570 S.W.2d at 388 (citations omitted). If the insurance eases cited in Cooksey should guide our decision, we doubt that the expansive interpretation urged by appellees can be used to raise the government’s limit of liability to $100,000 for every cause of action (survival, wrongful death, bystander, etc.) on which various plaintiffs may prevail in case where the State’s negligence physically injured only one person. Accord Texas Dep’t of Tramp, v. Ramming, 861 S.W.2d 460, 465-66 (Tex.App.—Houston [14th Dist.] (1993) (holding that the phrase “each person” in the Tort Claims Act refers only to a person who suffers bodily injury or death).

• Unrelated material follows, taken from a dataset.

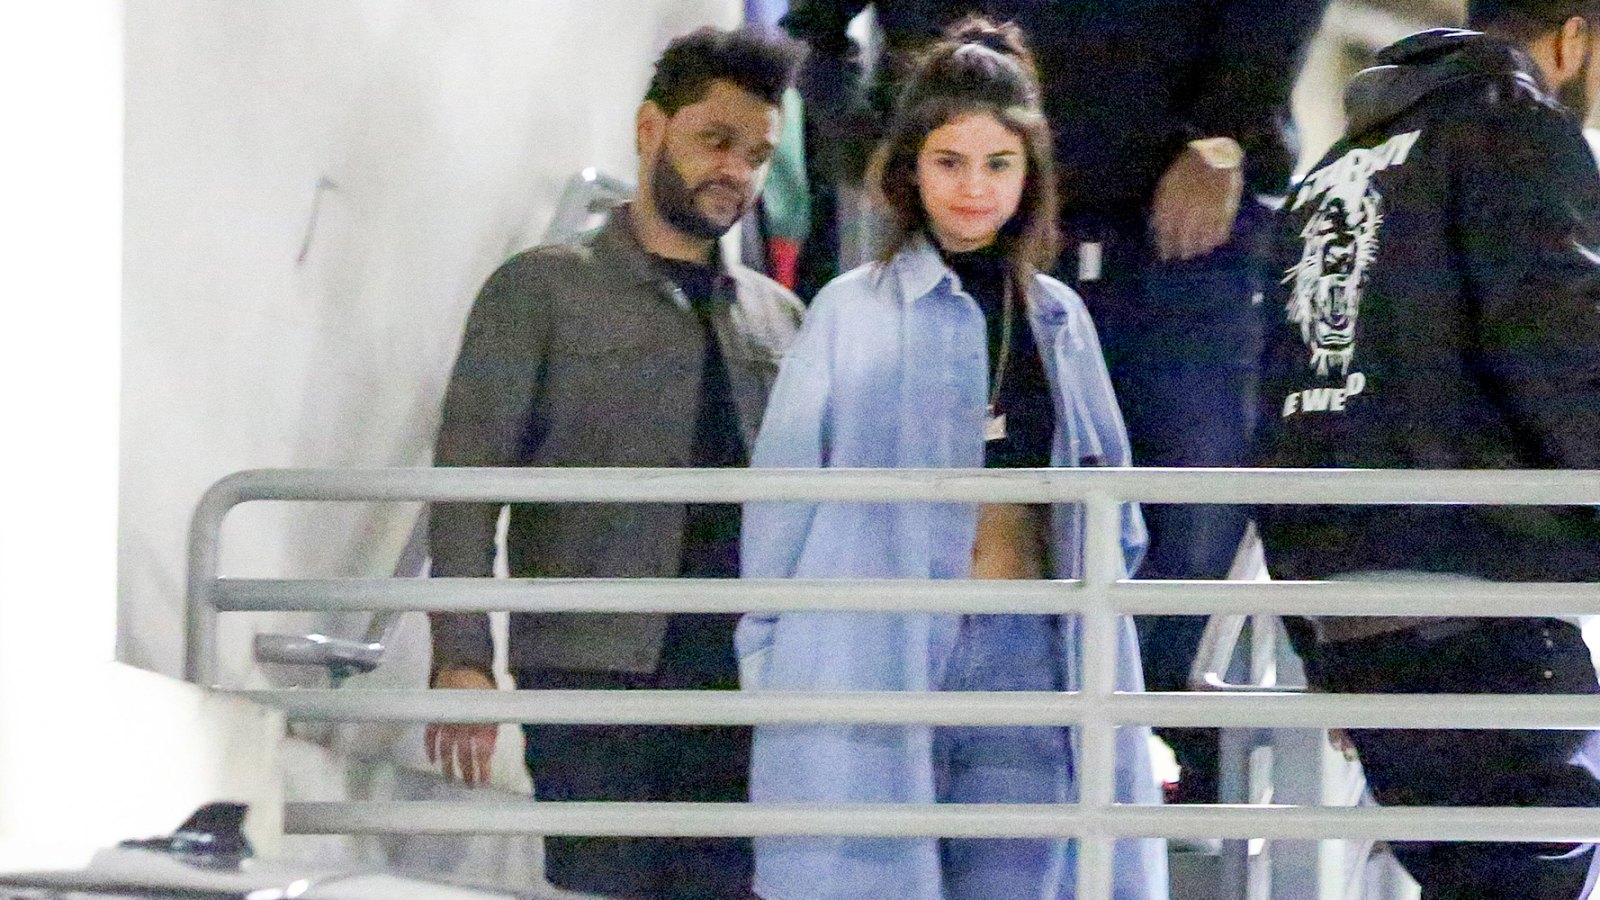 Selena Gomez and The Weeknd enjoy a 4-hour date night at Dave & Buster's in Hollywood.

We sustain point of error three and reform the judgment by reducing it from $200,000 to $100,000.
Appellees contend in a cross-point of error that we have no jurisdiction because the cost bond was filed too late. We overrule the point for the reasons stated earlier in Harris County Hospital District v. Estrada, 831 S.W.2d 876, 880 (Tex.App.—Houston [1st Dist.] 1992) (order).
As so reformed, the judgment is affirmed.
. The District was jointly and severally liable for the entire judgment as a result of the 35 percent finding. TexCivPrac & Rem.Code Ann. § 33.013 (Vernon Supp.1993).
. The statute reads:
Except as provided by Subsection (c), liability of a unit of local government under this chapter is limited to money damages in a maximum amount of $100,000 for each person and $300,000 for each single occurrence for bodily injury or death and $100,000 for each single occurrence for injury to or destruction of property.
Tex.Civ.Prac. & Rem Code Ann. § 101.023(b) (Vernon Supp.1993).